Шрифт:
Закладка:
— Мамка, мамка. Да ты на монитор посмотри. Здесь он, я.
Широко раскрытыми глазами взглянула та на мерцающий экран и увидела широко улыбающееся лицо сына и рядом с ним знакомого детину, который кивнул ей: «Здравствуйте мол».
— Ты его знаешь. Это Степан, мама. Теперь он мой брат и волшебник. Но это потом. У меня все хорошо. Не бойся. Скоро мы все уедем отсюда. Степан все придумает и сделает. Как вы там? — беспорядочно сыпались Димкины слова.
— Сыночек, живой. А почему волосы белые?
— И не только волосы, — хмуро буркнул Димка, — пришлось девчонкой одеться, чтоб не узнали. В общем, мам, времени мало. Через день, два мы вас увезем. Степан просит, чтобы вы ничего не боялись и ничему не удивлялись.
— Димка, — протяжно и нежно говорила Валентина и гладила монитор, где было лицо ее сына. Она не особенно вслушивалась в его слова, но, когда их смысл дошел до нее, вздохнула. — Димка, бабушка болеет.
— Как..?
— Третий день не встает. Лежит, молится. Твое имя шепчет. Старенькая она уже, сынок.
— Степан? — Димка обернулся к брату. Тот виновато взглянул не него и опустил глаза. — Ладно, мам, мы что-нибудь придумаем. Но запомни и нашим скажи — ничего не бояться и ничему не удивляться. Держитесь мам, немного осталось.
Экран померк, опустилась на стул Валентина. Вздрогнула, когда услышала скрип открывающейся двери, взглянула испуганными глазами. Настороженный фээсбешник сунул голову в кабинет, не удивился слезам на ее глазах — другими эти глаза он и не видел — рыскнул взглядом по углам — столам и исчез.
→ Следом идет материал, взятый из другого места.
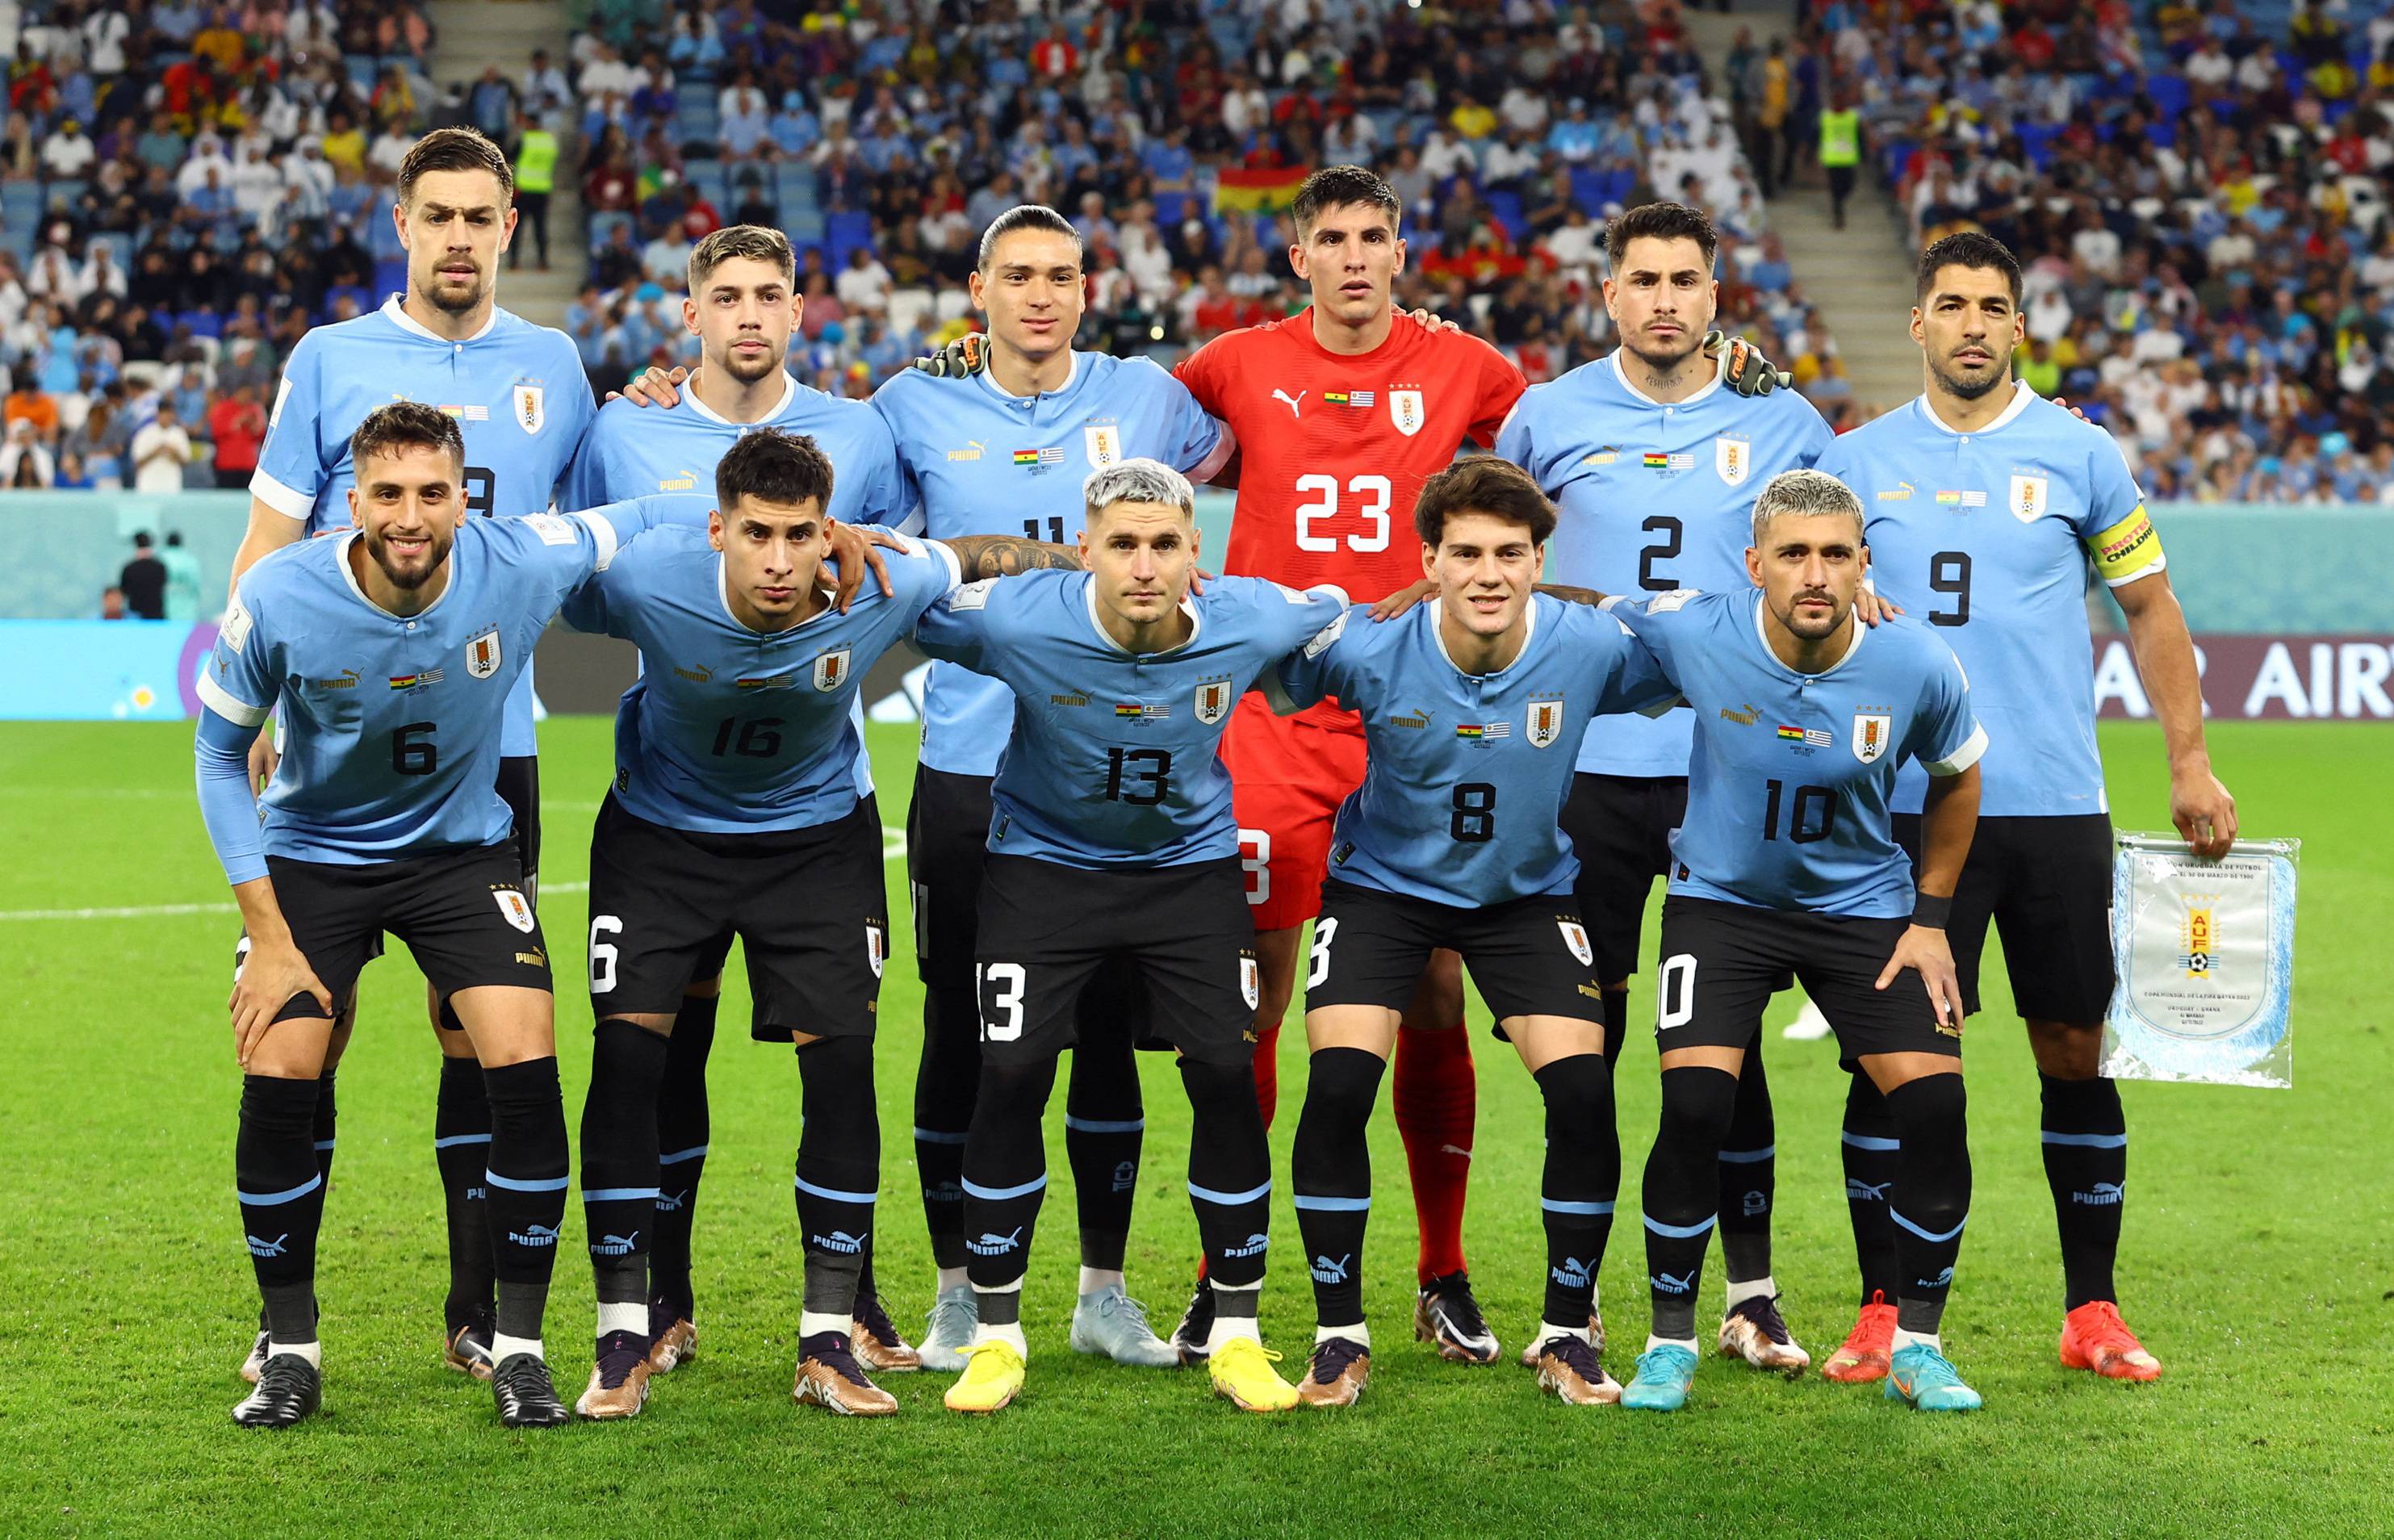 Uruguay Qatar 2022 World Cup, Uruguay Soccer Team 2022 Supporter

Только и оставалось перекреститься Валентине Михайловой: «Господи, что же будет». Но с той поры во всех сердцах маленькой квартирки поселилась робкая надежда.
— Как же так, Степан? — обернулся мальчик к другу.
— Я не властен над биологией, Спиноза. — Ответил тот на его возмущенный вопрос, — Я и раньше говорил. Я ничем не могу помочь твоей бабушке. Прости…
— Почему же ты молчал?
— Тебе и так не сладко. Если бы узнал про бабушку, ты мог совершить какую-нибудь глупость, и все бы тогда пошло насмарку.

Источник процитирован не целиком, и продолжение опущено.